**Recorded information**
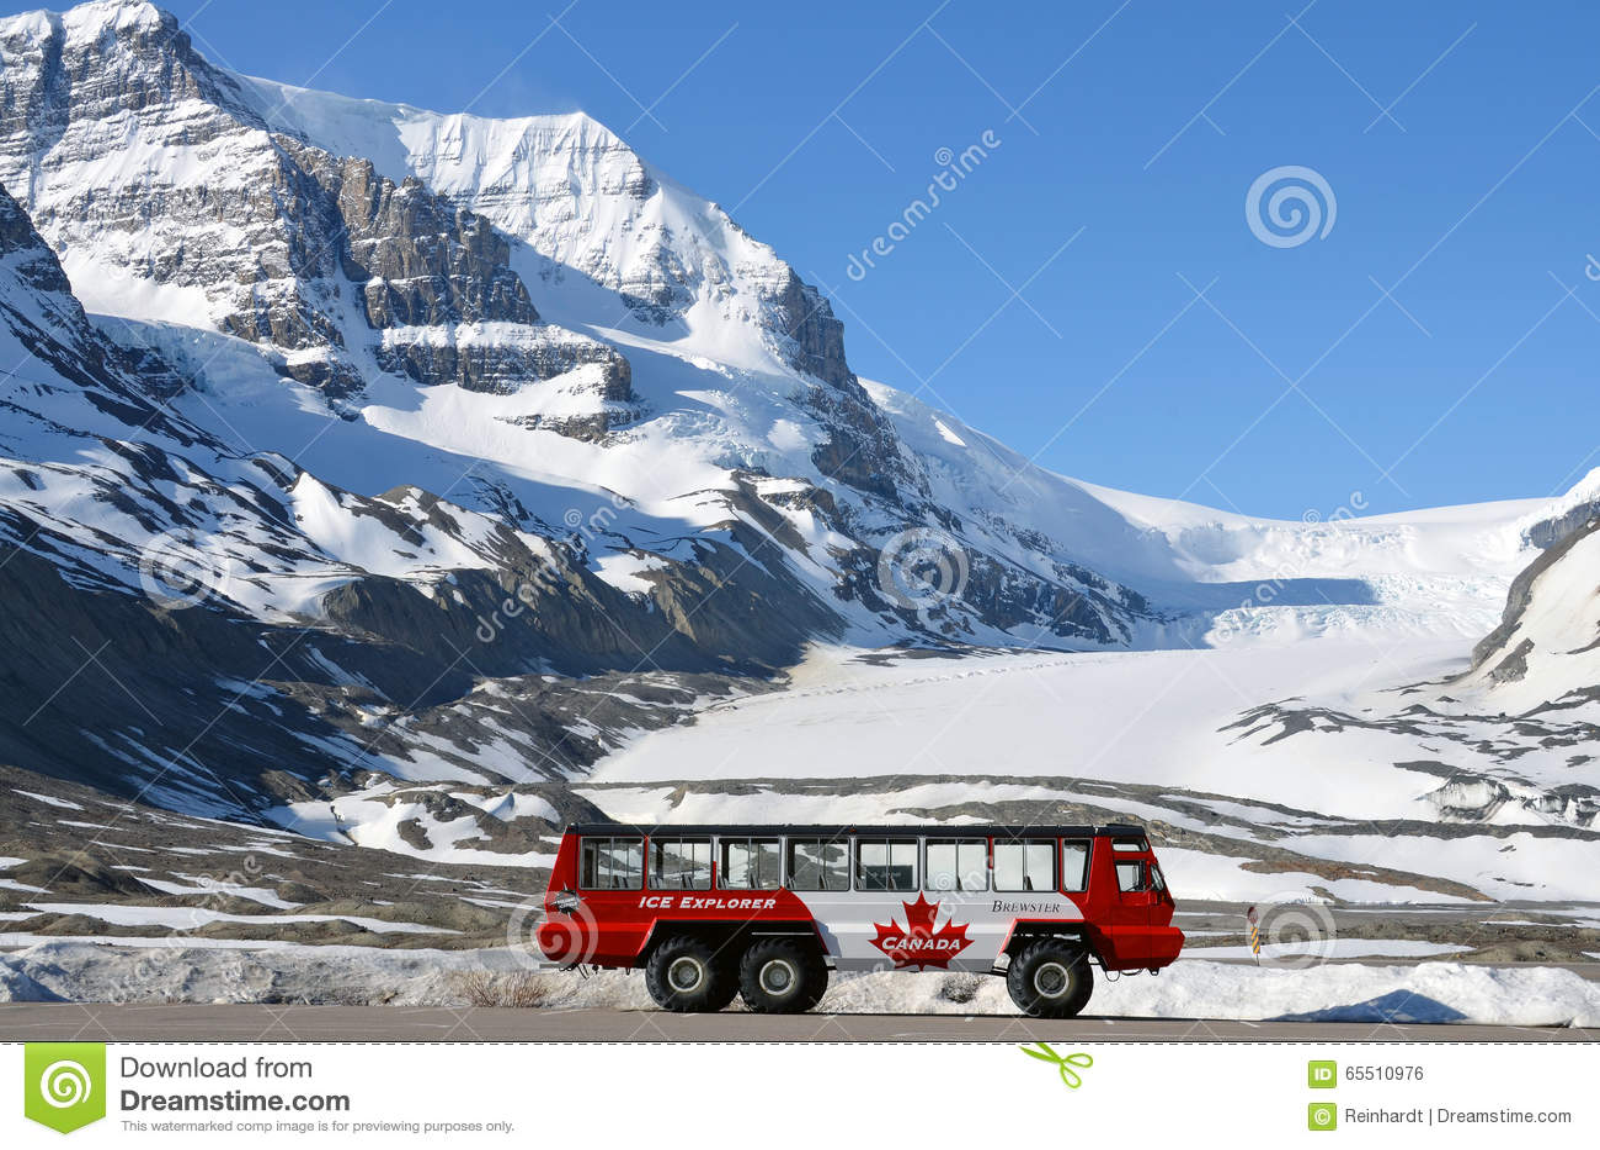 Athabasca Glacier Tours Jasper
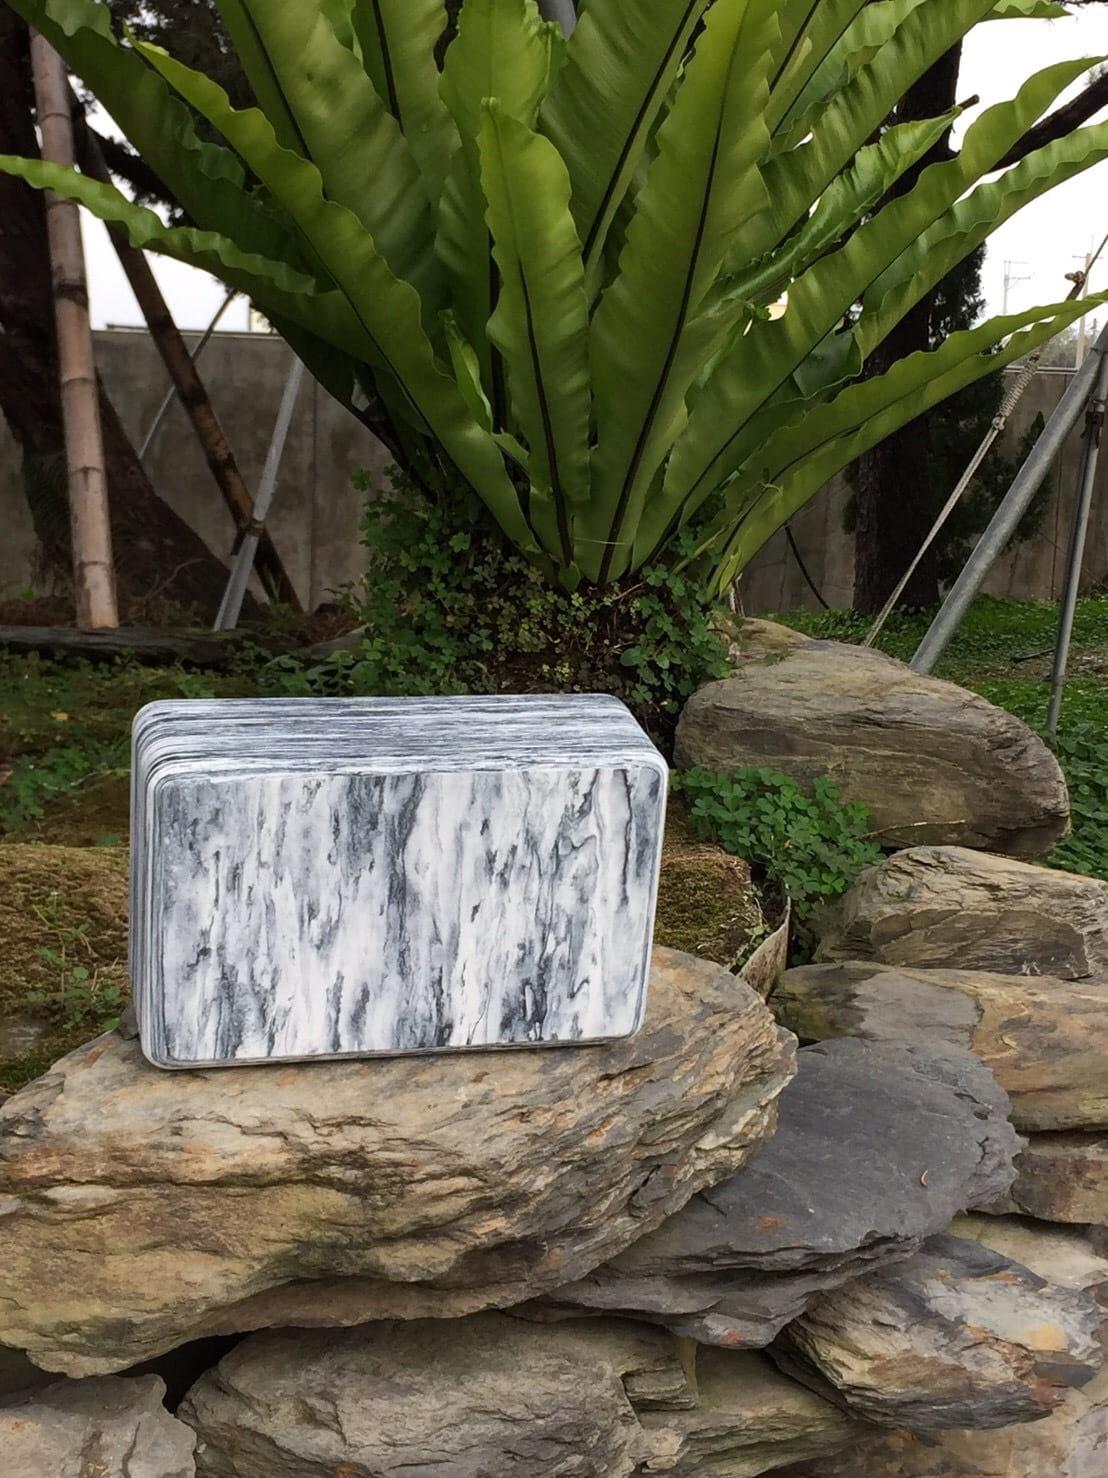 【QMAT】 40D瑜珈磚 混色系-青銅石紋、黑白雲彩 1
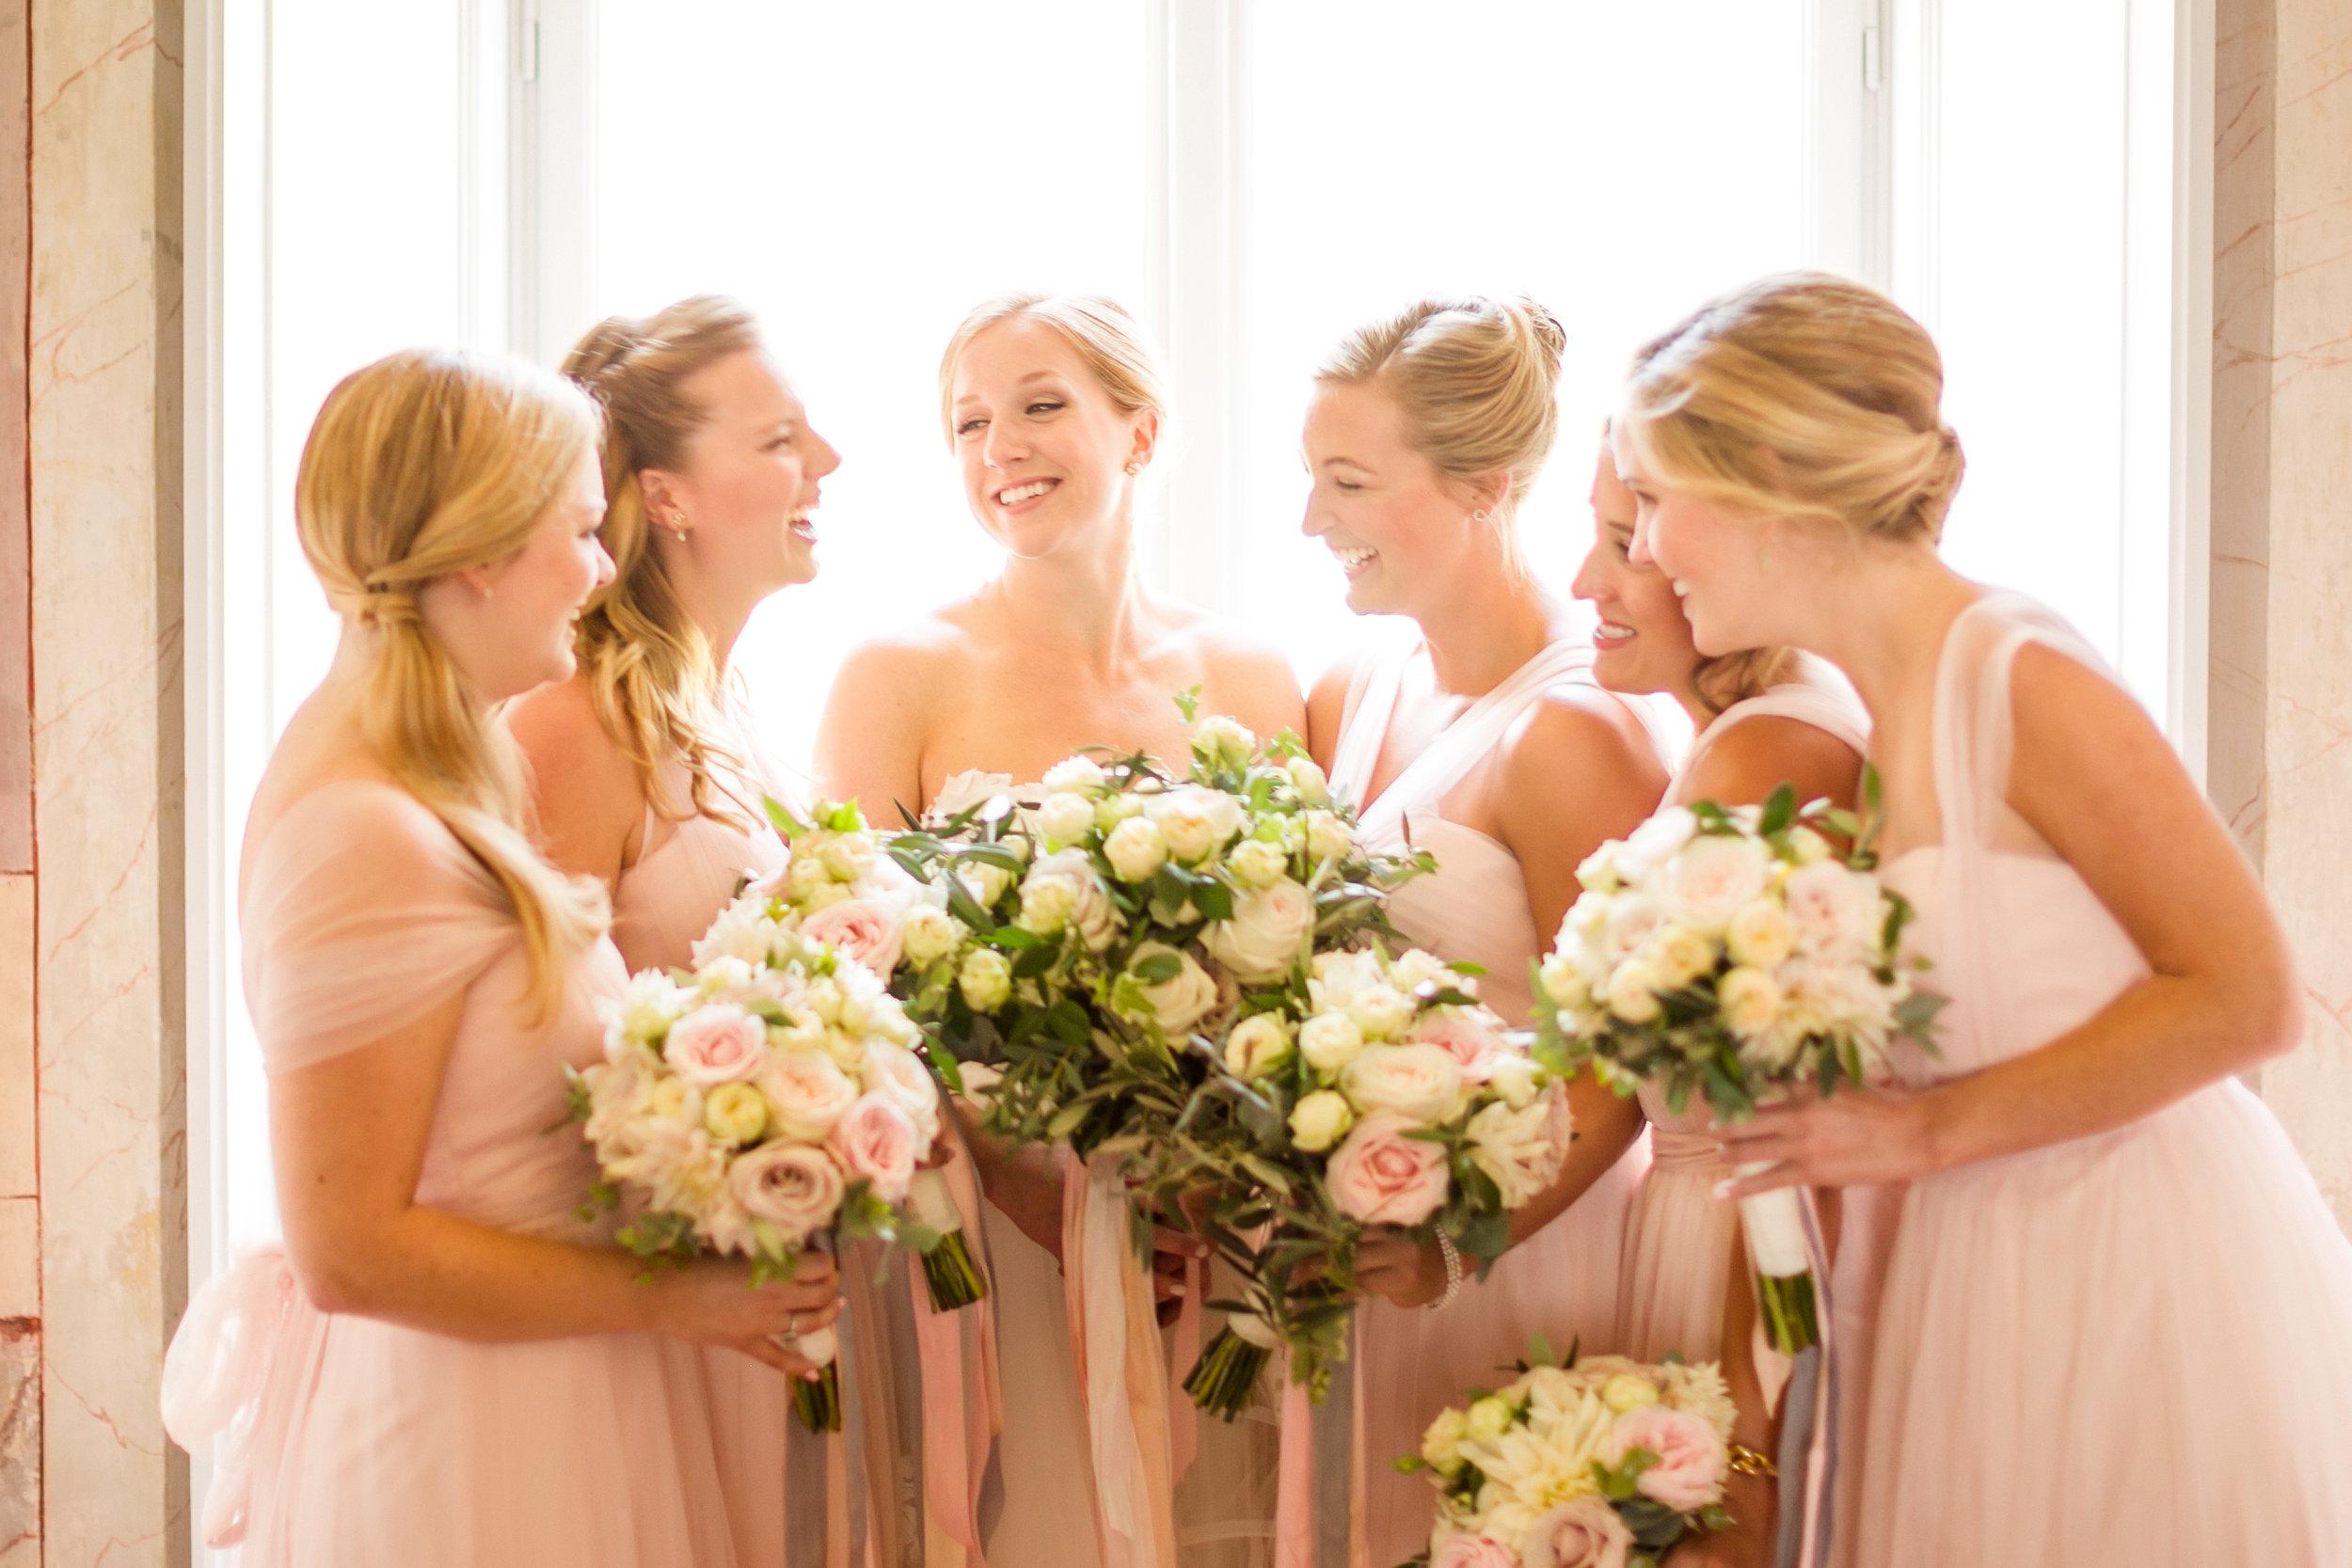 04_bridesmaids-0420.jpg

**Task objective**
With the pictures excluded, the line containing "40D瑜珈磚 混色系-青銅石紋、黑白雲彩 1" and every line after it through the end of the data above are to be transcribed exactly, and nothing more.

**Solution for this task**
 【QMAT】 40D瑜珈磚 混色系-青銅石紋、黑白雲彩 1
 04_bridesmaids-0420.jpg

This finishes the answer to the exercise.